ICMS: o perigo mora nos detalhes

O Imposto sobre Circulação de Mercadorias e Prestação de Serviços de Transporte Interestadual e Intermunicipal e de Comunicação, mais conhecido como ICMS, é um tributo de competência estadual indireto, não-cumulativo, com disposições gerais contidas na Constituição Federal de 1988 e na Lei Complementar n. 87/96 (Lei Kandir).

Dentre suas inúmeras feições, as operações e prestações interestaduais que destinam bens e serviços a consumidores finais, nos termos das alterações trazidas pela Emenda Constitucional n. 87/2015 (incisos VII e VII do §2º do art. 155 da Constituição Federal), ganharam atenção no final de 2020 com o início do julgamento da  Ação Direta de Inconstitucionalidade (ADI) 5469, de relatoria do Ministro Dias Toffoli e do Recurso Extraordinário (RE) 1287019, com repercussão geral (Tema 1093), de relatoria do Ministro Marco Aurélio.

Se antes da mencionada alteração constitucional, o art. 155, §2°, incisos VII e VIII, permitia aos Estados exigirem o diferencial de alíquota – DIFAL (diferença entre alíquota interna e interestadual) apenas nas operações interestaduais que destinassem mercadorias ou serviços a consumidores finais contribuintes do imposto, depois dela os Estados puderam também passar a exigir para si o DIFAL do ICMS também nas operações envolvendo não-contribuintes do imposto. 

A partir daí, identificar se o destinatário final é ou não contribuinte do ICMS passou a ser importante apenas para determinar a responsabilidade do recolhimento do tributo; o destinatário da mercadoria ou serviço, no caso dele próprio ser contribuinte do ICMS, ou o remetente, quando a operação destinar a mercadoria a um não-contribuinte.

“De certo modo, todo mundo já sabe disso – está codificado em mitos, provérbios, clichês, máximas, epigramas”, dizia  David Foster Wallace: o diabo mora nos detalhes. 

E foram nos detalhes da regulamentação do novo mandamento constitucional introduzido pela EC 87/2015, que os Estados e o Distrito Federal firmaram, no âmbito do Conselho Nacional de Política Fazendária – Confaz, o Convênio ICMS nº 93, em 17 de setembro de 2015, com detalhes pecaminosos.

Suas disposições entraram em vigor em 1º de janeiro de 2016 e tem por objetivo a padronização dos “procedimentos a serem observados nas operações e prestações que destinem bens e serviços a consumidor final não contribuinte do ICMS, localizado em outra unidade federada”.

E referido convênio foi celebrado em virtude da ausência de edição de lei complementar destinada a tratar sobre normas gerais tributárias.

O Plenário do Supremo Tribunal Federal – STF, em 11 de novembro de 2020, iniciou o julgamento conjunto sobre as controvérsias desse verdadeiro movimento legislativo do Confaz e ambos os Ministros relatores votaram pela procedência da ADI e provimento do recurso para declará-lo irregular.

Em suma, o Ministro Dias Toffoli consignou que não pode o convênio suprir ausência de lei complementar, dispondo sobre obrigação tributária, contribuintes, bases de cálculo/alíquotas e créditos de ICMS nas operações ou prestações interestaduais com consumidor final não contribuinte do imposto.

Já o Ministro Marco Aurélio, por sua vez, acreditou que houve usurpação de competência da União, a quem cabe editar norma geral sobre matéria tributária.

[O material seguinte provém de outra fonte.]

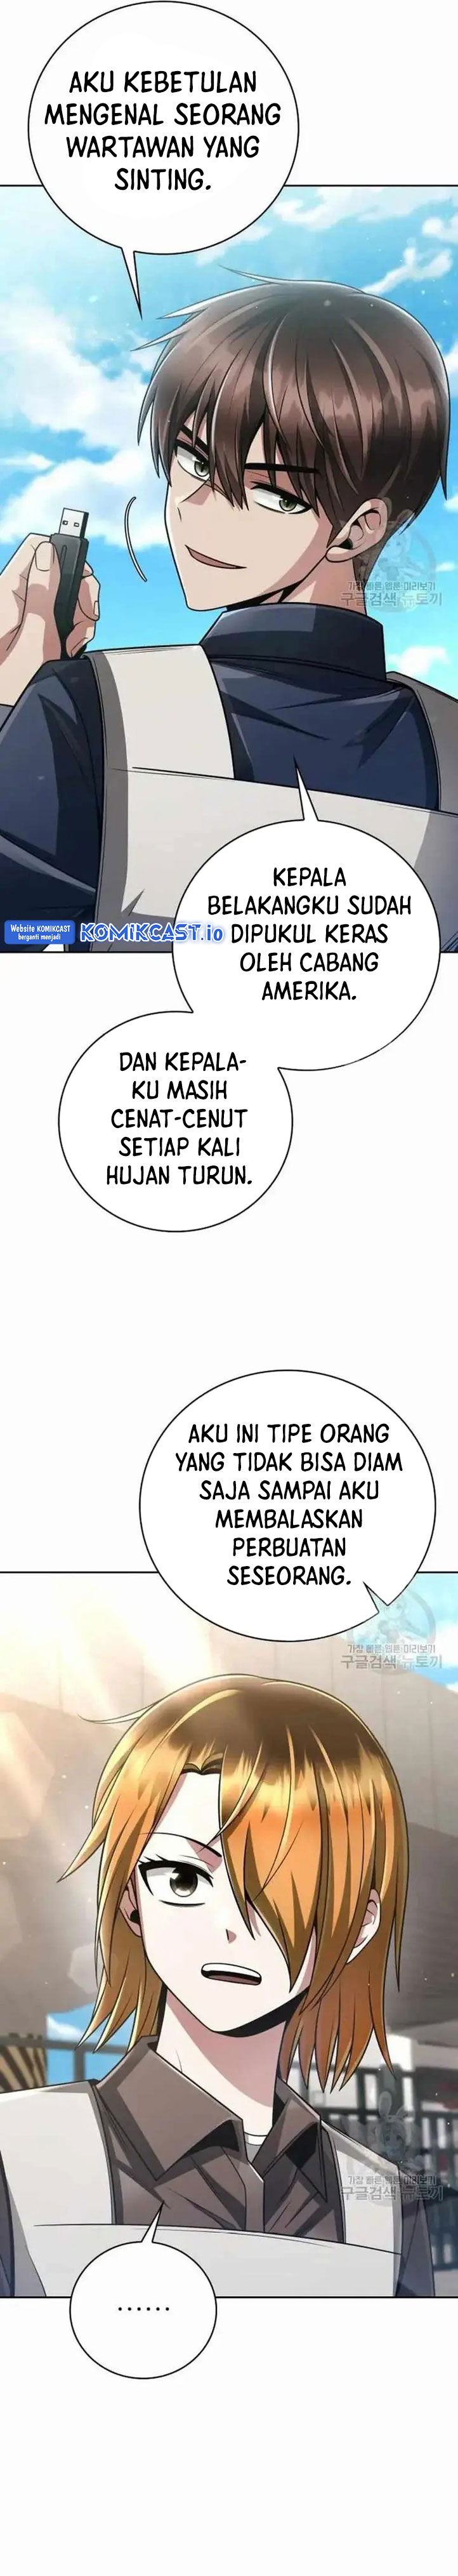 Dilarang COPAS - situs resmi www.mangacanblog.com - Komik clever cleaning life of the returned genius hunter 037 - chapter 37 38 Indonesia clever cleaning life of the returned genius hunter 037 - chapter 37 Terbaru 30|Baca Manga Komik Indonesia|Mangacan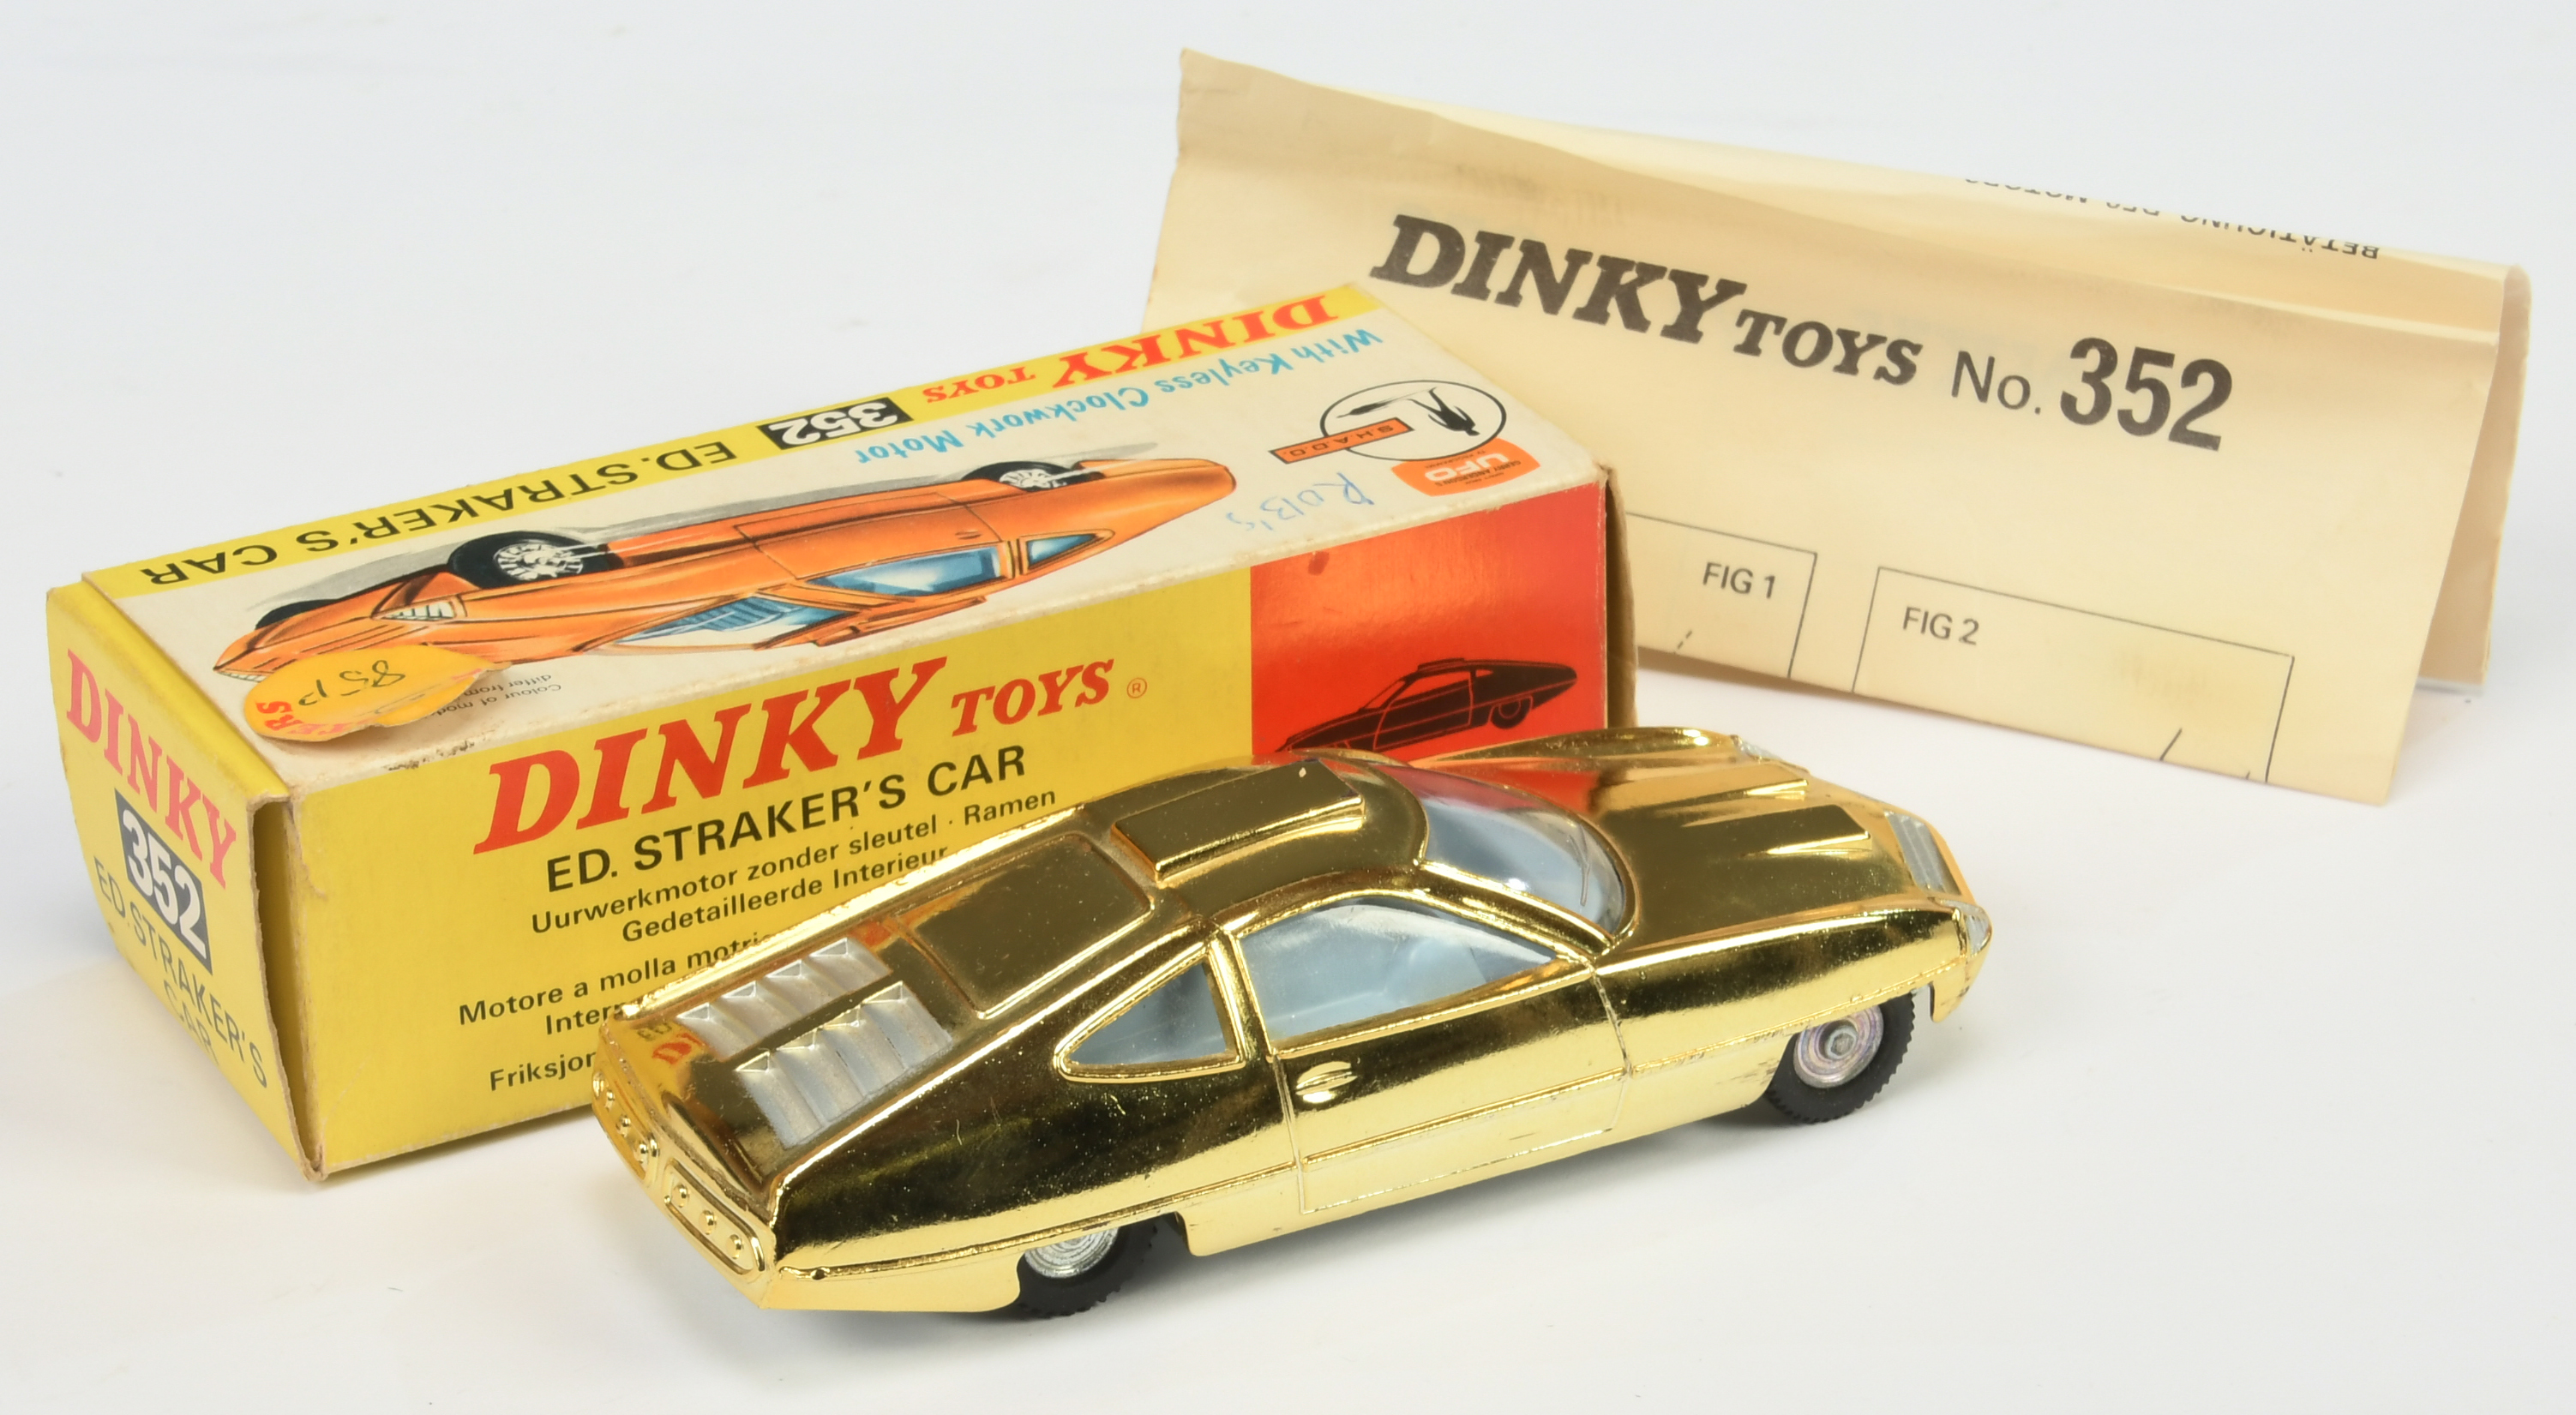 Dinky Toys 352 "UFO" Ed Straker's Car - Gold plated body,silver engine cover and trim, pale greyi... - Image 2 of 2

Ressaltou, ainda, a inadequação do instrumento utilizado e observou que não é possível que elementos essenciais do imposto sejam disciplinados por meio de convênio.

Temas como a divergência conceitual entre Estados a respeito da definição do destino da mercadoria (se o que vale é o físico ou o jurídico) e a indevida imposição aos remetentes de uma obrigação tributária acompanhada de mais inúmeras obrigações acessórias a serem observadas sob pena de severas multas vêm à tona e não deixam esquecer que, para além da flagrante inconstitucionalidade decorrente da violação ao princípio da reserva de lei complementar (art. 146, da CF), o diabo mora é nos detalhes.

Artigo escrito por Paulo Patrezze com colaboração de Paola Pandochi.